Explanation: there are just two differences to the example above:

  • calling SSAHA2 to generate a file which contains information on the vector sequence hitting your sequences.

  • telling mira with SANGER_SETTINGS -CL:msvs=yes to load this vector screening data for Sanger data

[Note]Note
I need an example for SMALT ...

4.3.  Calling mira from the command line

Mira can be used in many different ways: building assemblies from scratch, performing reassembly on existing projects, assembling sequences from closely related strains, assembling sequences against an existing backbone (mapping assembly), etc.pp. Mira comes with a number of quick switches, i.e., switches that turn on parameter combinations which should be suited for most needs.

E.g.: mira --project=foobar --job=sanger --fasta -highlyrepetitive

The line above will tell mira that our project will have the general name foobar and that the sequences are to be loaded from FASTA files, the sequence input file being named foobar_in.sanger.fasta (and sequence quality file, if available, foobar_in.sanger.fasta.qual.

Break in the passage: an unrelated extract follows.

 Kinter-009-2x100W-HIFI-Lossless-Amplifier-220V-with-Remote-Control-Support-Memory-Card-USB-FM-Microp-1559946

The reads come from Sanger technology and mira is prepared for the genome containing nasty repeats. The result files will be in a directory named foobar_results, statistics about the assembly will be available in the foobar_info directory like, e.g., a summary of contig statistics in foobar_info/foobar_info_contigstats.txt. Notice that the --job= switch is missing some specifications, mira will automatically fill in the remaining defaults (i.e., denovo,genome,normal in the example above).

E.g.: mira --project=foobar --job=mapping,accurate,sanger --fasta --highlyrepetitive

This is the same as the previous example except mira will perform a mapping assembly in 'accurate' quality of the sequences against a backbone sequence(s). mira will therefore additionally load the backbone sequence(s) from the file foobar_backbone_in.fasta (FASTA being the default type of backbone sequence to be loaded) and, if existing, quality values for the backbone from foobar_backbone_in.fasta.qual.

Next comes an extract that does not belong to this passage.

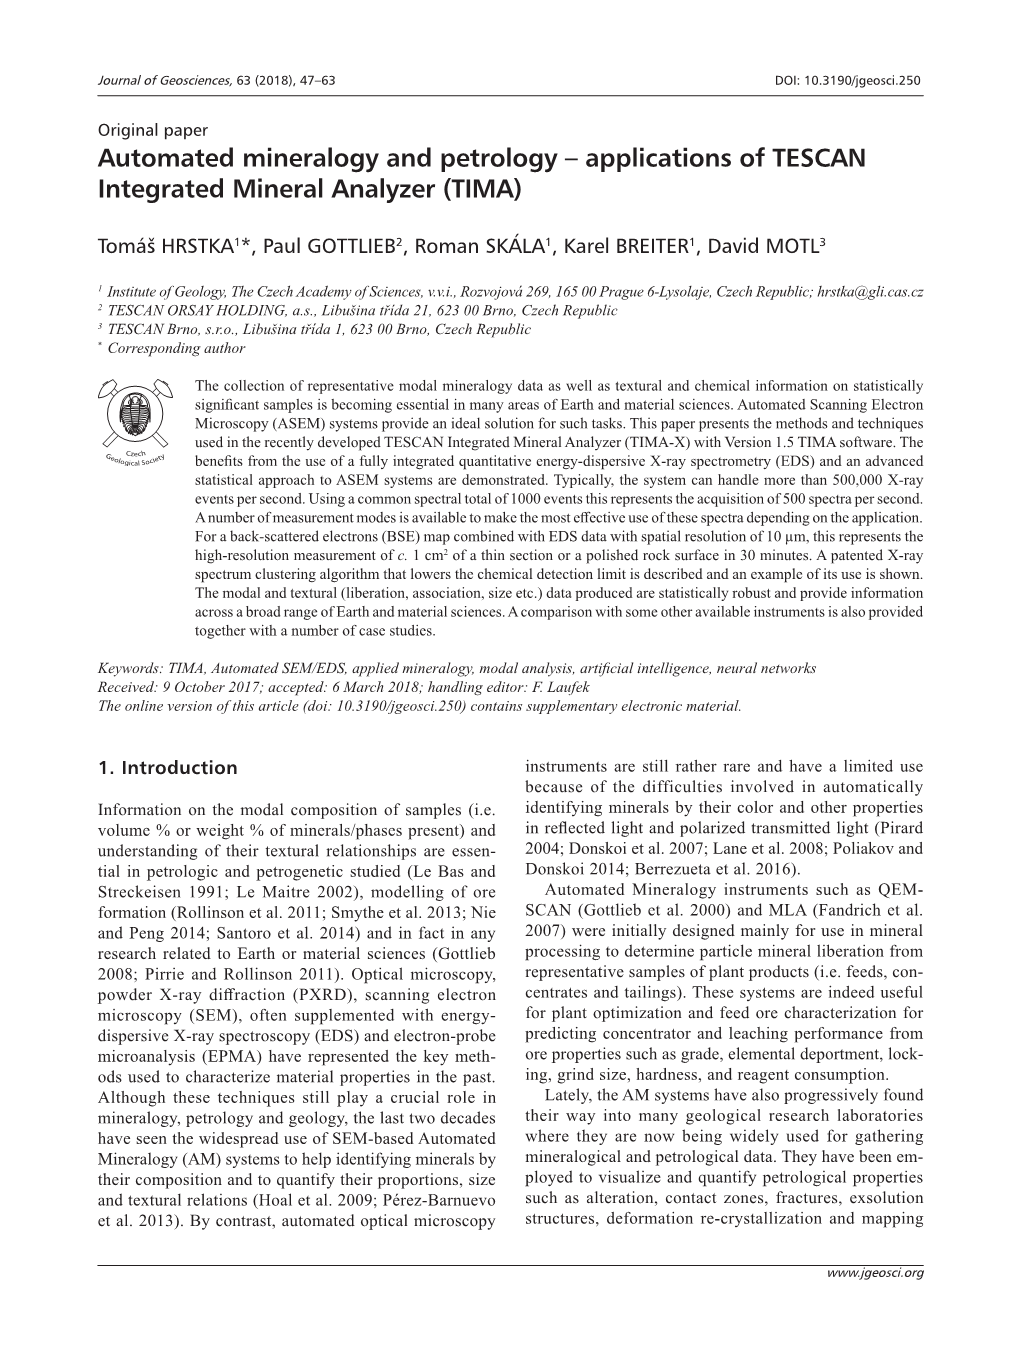 Automated Mineralogy and Petrology – Applications of TESCAN Integrated Mineral Analyzer (TIMA)

E.g.: mira --project=foobar --job=mapping,accurate,sanger --fasta --highlyrepetitive -SB:bft=gbf

As above, except we have added an extensive switche ( [-SB:bft]) to tell mira that the backbones are in a GenBank format file (GBF). MIRA will therefore load the backbone sequence(s) from the file foobar_backbone_in.gbf. Note that the GBF file can also contain multiple entries, i.e., it can be a GBFF file.

4.4.  Using multiple processors

This feature is in its infancy, presently only the SKIM algorithm uses multiple threads. Setting the number of processes for this stage can be done via the [-GE:not] parameter. E.g. -GE:not=4 to use 4 threads.

4.5.  Usage examples

4.5.1.  Assembly from scratch with GAP4 and EXP files

A simple GAP4 project will do nicely. Please take care of the following: You need already preprocessed experiment / fasta / phd files, i.e., at least the sequencing vector should have been tagged (in EXP files) or masked out (FASTA or PHD files). It would be nice if some kind of not too lazy quality clipping had also been done for the EXP files, pregap4 should do this for you.

  1. Step 1: Create a file of filenames (named mira_in.fofn) for the project you wish to assemble. The file of filenames should contain the newline separated names of the EXP-files and nothing else.

  2. Step 2: Execute the mira assembly, eventually using command line options or output redirection:

    $ /path/to/the/mira/package/mira ... other options ...

    or simply

    $ mira ... other options ...

    if MIRA is in a directory which is in your PATH. The result of the assembly will now be in directory named mira_results where you will find mira_out.caf, mira_out.html etc. or in gap4 direct assembly format in the mira_out.gap4da sub-directory.

  3. Step 3a: (This is not recommended anymore) Change to the gap4da directory and start gap4:

    $ cd mira_results/mira_out.gap4da
    mira_results/mira_out.gap4da$ gap4

    choose the menu 'File->New' and enter a name for your new database (like 'demo'). Then choose the menu 'Assembly->Directed assembly'. Enter the text 'fofn' in the entry labelled Input readings from List or file name and enter the text 'failures' into the entry labelled Save failures to List or file name. Press "OK".

    That's it.

  4. Step 3b: (Recommended) As an alternative to step 3a, one can use the caf2gap converter (see below)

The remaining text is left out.